= DATA EXCERPT =

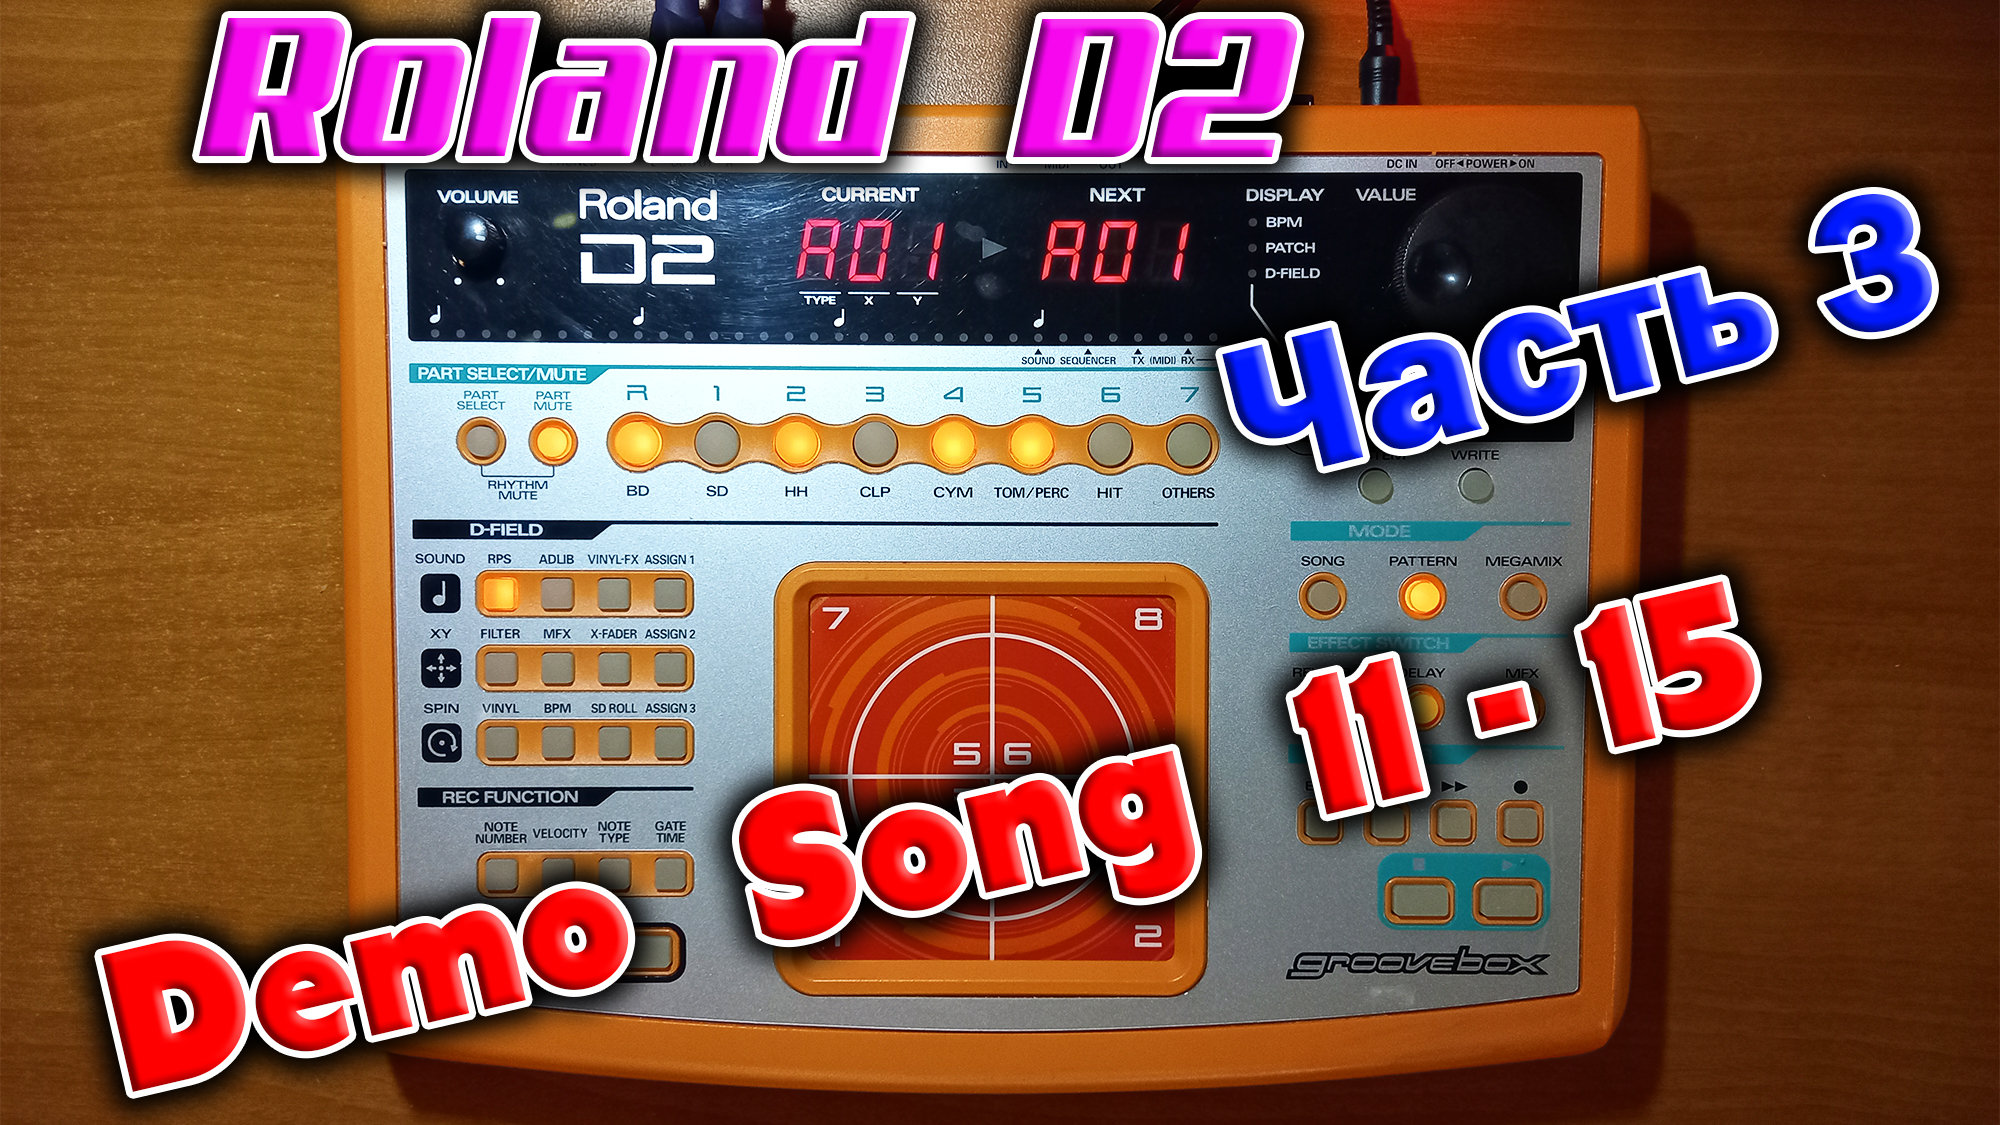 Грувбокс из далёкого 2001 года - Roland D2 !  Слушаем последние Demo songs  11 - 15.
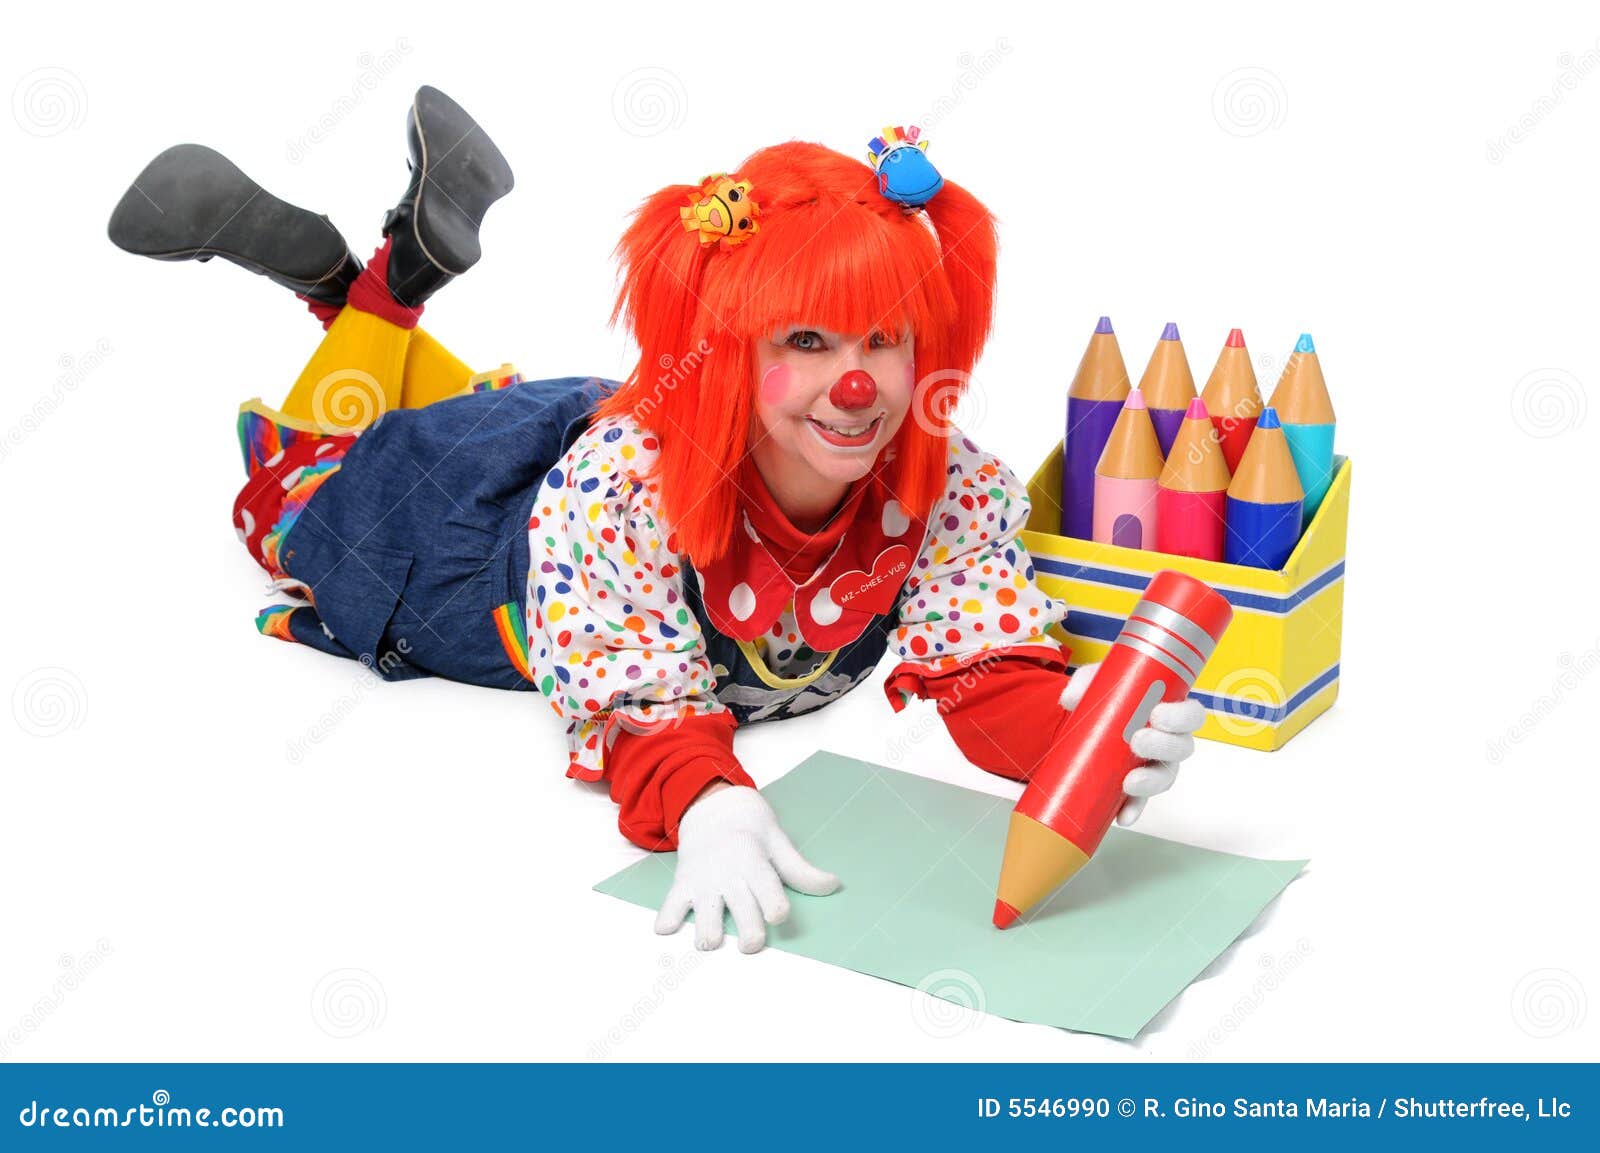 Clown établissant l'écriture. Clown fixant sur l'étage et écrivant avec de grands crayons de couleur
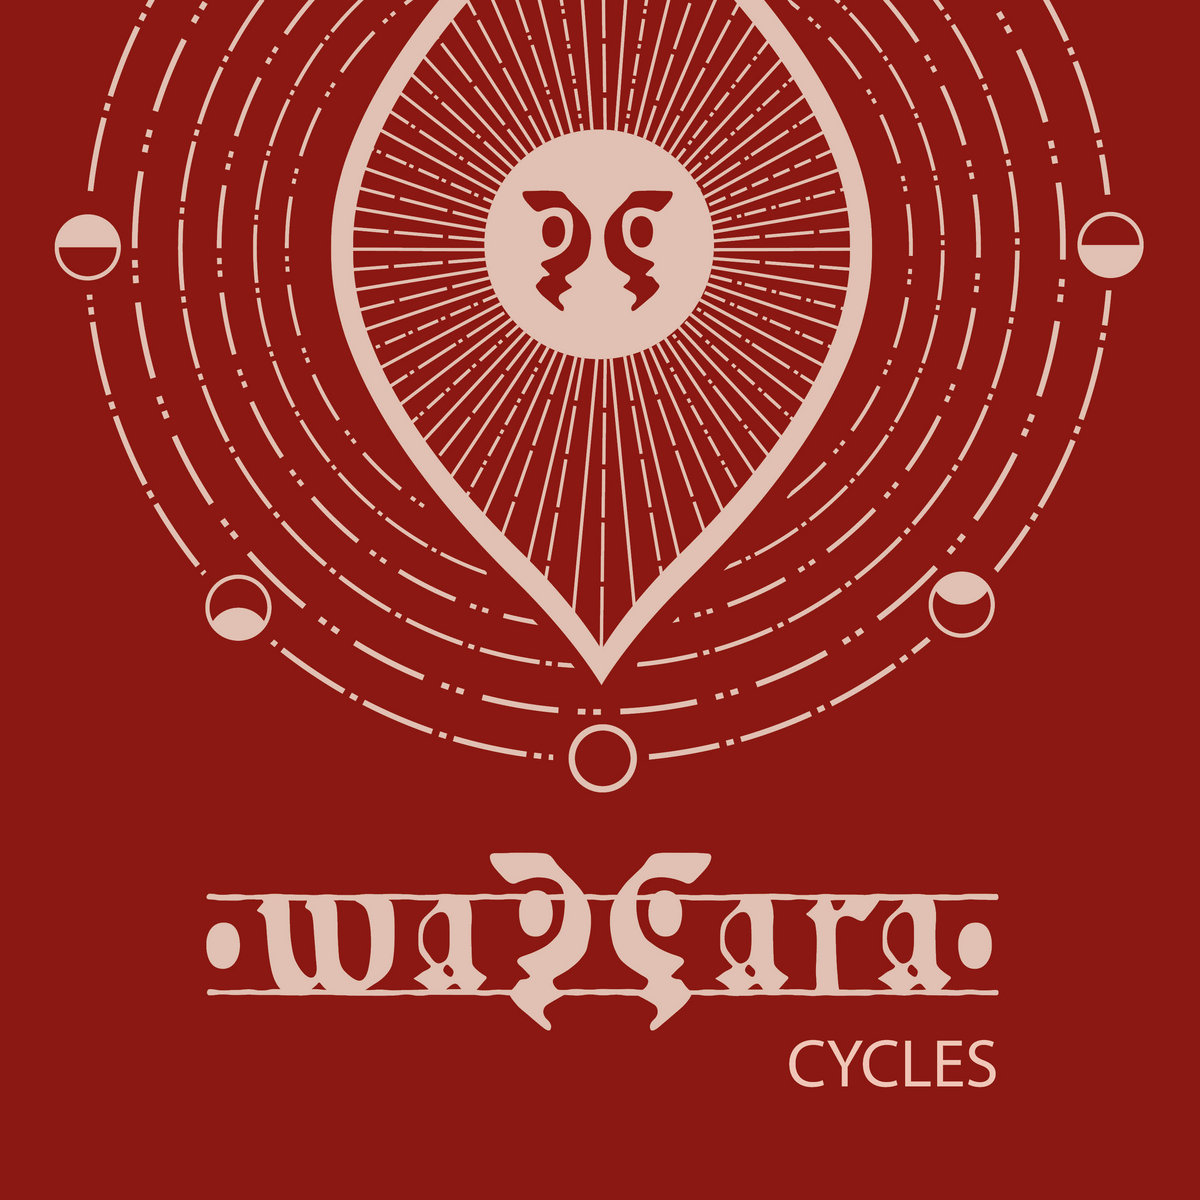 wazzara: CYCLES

= AIM OF THE TASK =
Every line in the data above needs to be given again exactly, pictures aside.

= TASK OUTPUT =
 Грувбокс из далёкого 2001 года - Roland D2 !  Слушаем последние Demo songs  11 - 15.
 Clown établissant l'écriture. Clown fixant sur l'étage et écrivant avec de grands crayons de couleur
 wazzara: CYCLES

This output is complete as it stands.